Scope note: This threat matrix covers gameplay session transport. P2P in Workshop/content distribution (D049/D074) is a separate subsystem with its own trust model.

A note on lockstep and DoS resilience: Bryant & Saiedian (2021) observe that deterministic lockstep is surprisingly the best architecture for resisting volumetric denial-of-service attacks. Because the simulation halts and awaits input from all clients before progressing, an attacker attempting to exhaust a victim’s bandwidth unintentionally introduces lag into their own experience as well. The relay server model adds further resilience — the relay absorbs attack traffic without forwarding it to clients.

Vulnerability 1: Maphack (Architectural Limit)

The Problem

Both clients must simulate everything (enemy movement, production, harvesting), so all game state exists in process memory. Fog of war is a rendering filter — the data is always there.

Every lockstep RTS has this problem: OpenRA, StarCraft, Age of Empires.

Mitigations (partial, not solutions)

Memory obfuscation (raises bar for casual cheats):

#![allow(unused)]
fn main() {
pub struct ObfuscatedWorld {
    inner: World,
    xor_key: u64,  // rotated every N ticks
}
}

Partitioned memory (harder to scan):

#![allow(unused)]
fn main() {
pub struct PartitionedWorld {
    visible: World,              // Normal memory
    hidden: ObfuscatedStore,     // Encrypted, scattered, decoy entries
}
}

Actual solution: Fog-Authoritative Server

Full design specification: For the complete FogAuth server-side sim loop, visibility computation, entity state delta wire format (byte-level), Fiedler priority accumulator algorithm, bandwidth budget model, client reconciler, and deployment cost analysis, see research/fog-authoritative-server-design.md.

FogAuth wire format: Complete byte-level entity delta format (EntityEnter/Update/Leave with offset tables), bandwidth budget constants (64 KB/s, 2184 bytes/tick, capacity estimates per delta type), and Fiedler priority accumulator algorithm (1024-scale tier constants, staleness bonus formula, starvation timing guarantees) are specified in research/fog-authoritative-server-design.md.

Server runs full sim, sends each client only entities they can see. Breaks pure lockstep. Requires server compute per game.
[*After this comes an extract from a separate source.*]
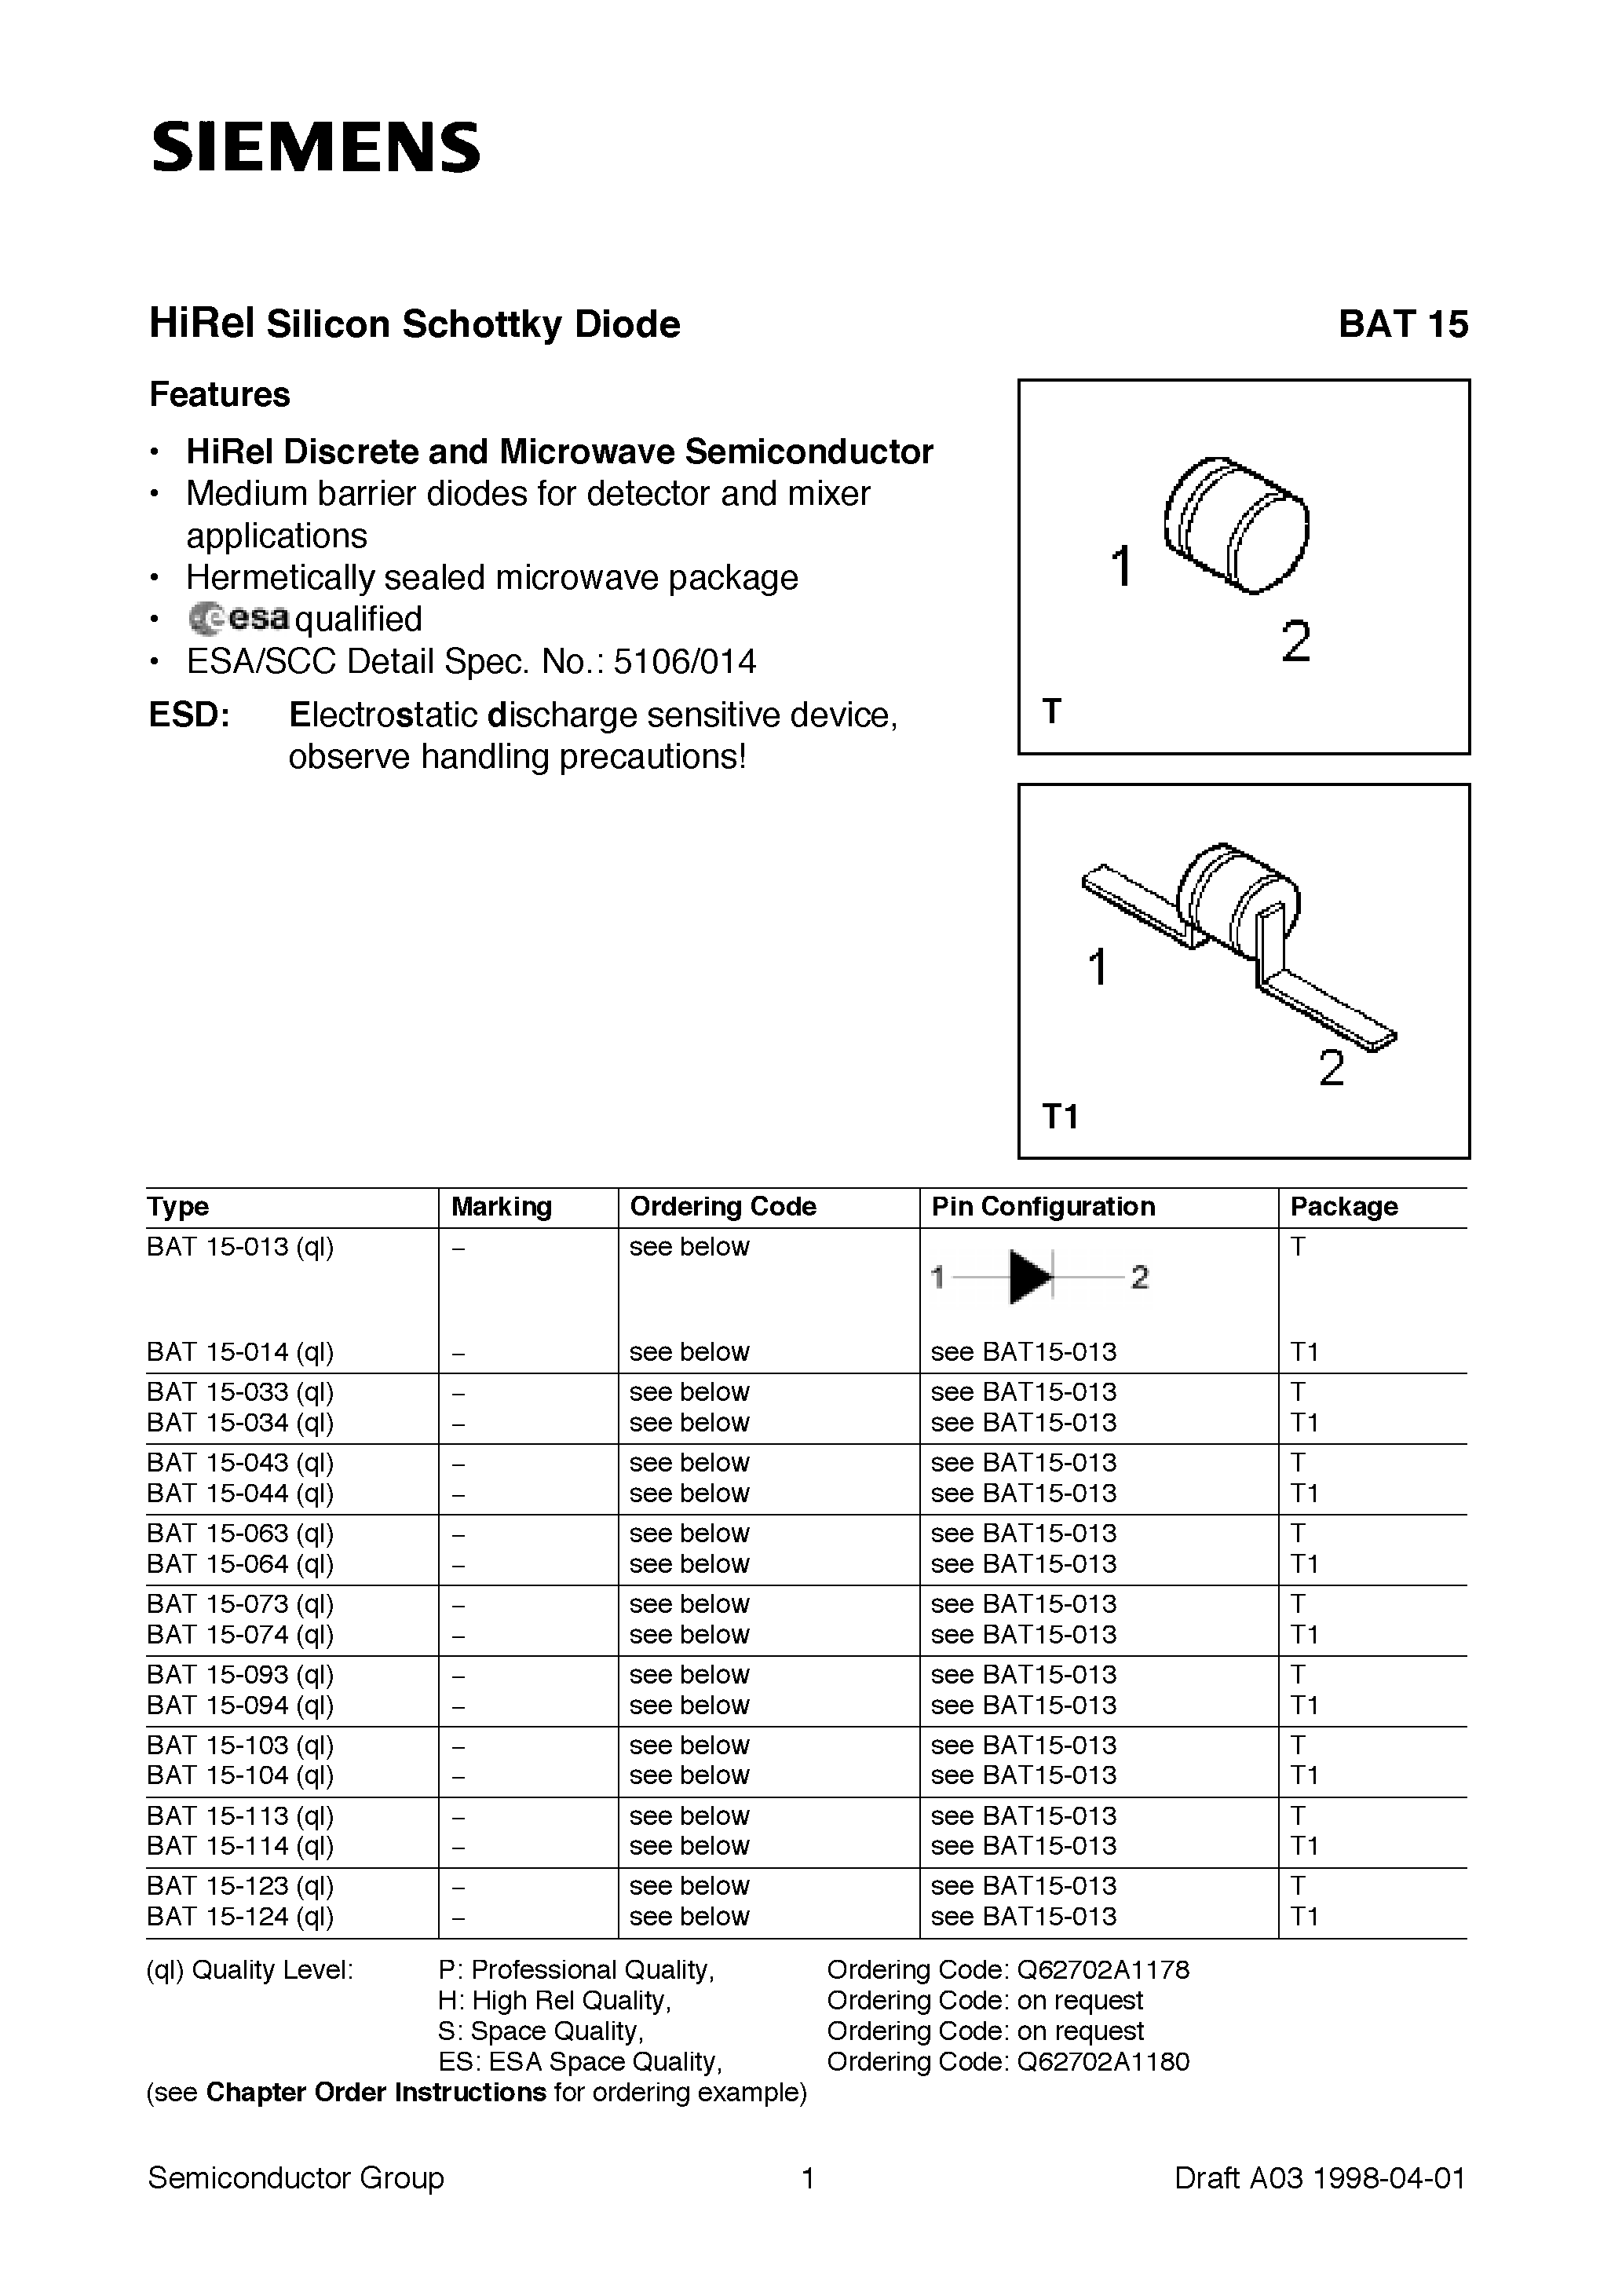 Datasheet BAT15-063 - HiRel Silicon Schottky Diode (HiRel Discrete and Microwave Semiconductor Medium barrier diodes for detector and mixer applications) page 1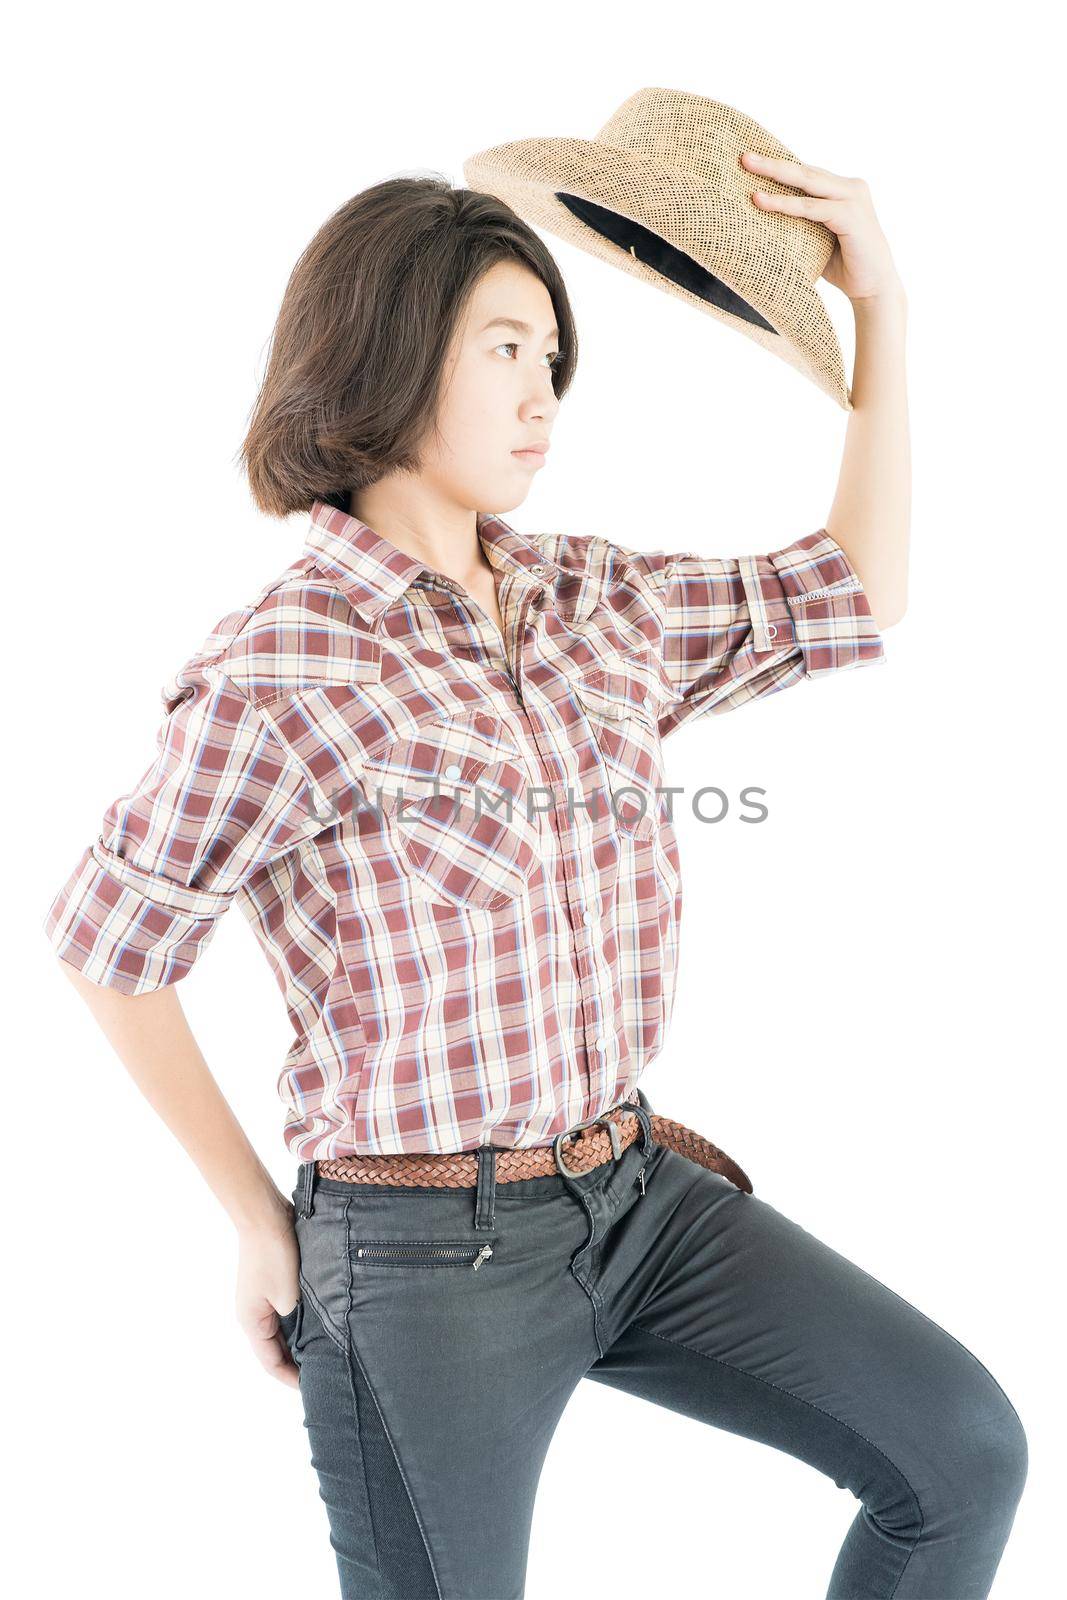 Young woman in a cowboy hat and plaid shirt with hand on her hat by stoonn

Client architecture change: FogAuth clients do not run the full deterministic sim — they maintain a partial world and consume server-sent entity state deltas via a reconciler. This requires a client-side game loop variant beyond the lockstep GameLoop<N, I> (see architecture/game-loop.md). The NetworkModel trait boundary is preserved, but the client loop that drives it differs. See research/fog-authoritative-server-design.md § 7 (client reconciler) and § 9 (trait implementation) for the full design. Implementation milestone: M11 (P-Optional).

#![allow(unused)]
fn main() {
// Simplified sketch — full implementation in research/fog-authoritative-server-design.md § 9
pub struct FogAuthClientNetwork {
    outgoing_orders: VecDeque<TimestampedOrder>,
    incoming_updates: VecDeque<FogAuthTickData>,
}
impl NetworkModel for FogAuthClientNetwork {
    fn poll_tick(&mut self) -> Option<TickOrders> {
        // Returns mostly-empty TickOrders; entity state deltas are
        // side-channeled to the reconciler (not through TickOrders).
        // The lockstep GameLoop's sim.apply_tick() is NOT called —
        // a FogAuthGameLoop variant drives the reconciler instead.
    }
}
}

Trade-off: Relay server (just forwards orders) = cheap VPS handles thousands of games. Authoritative sim server = real CPU per game.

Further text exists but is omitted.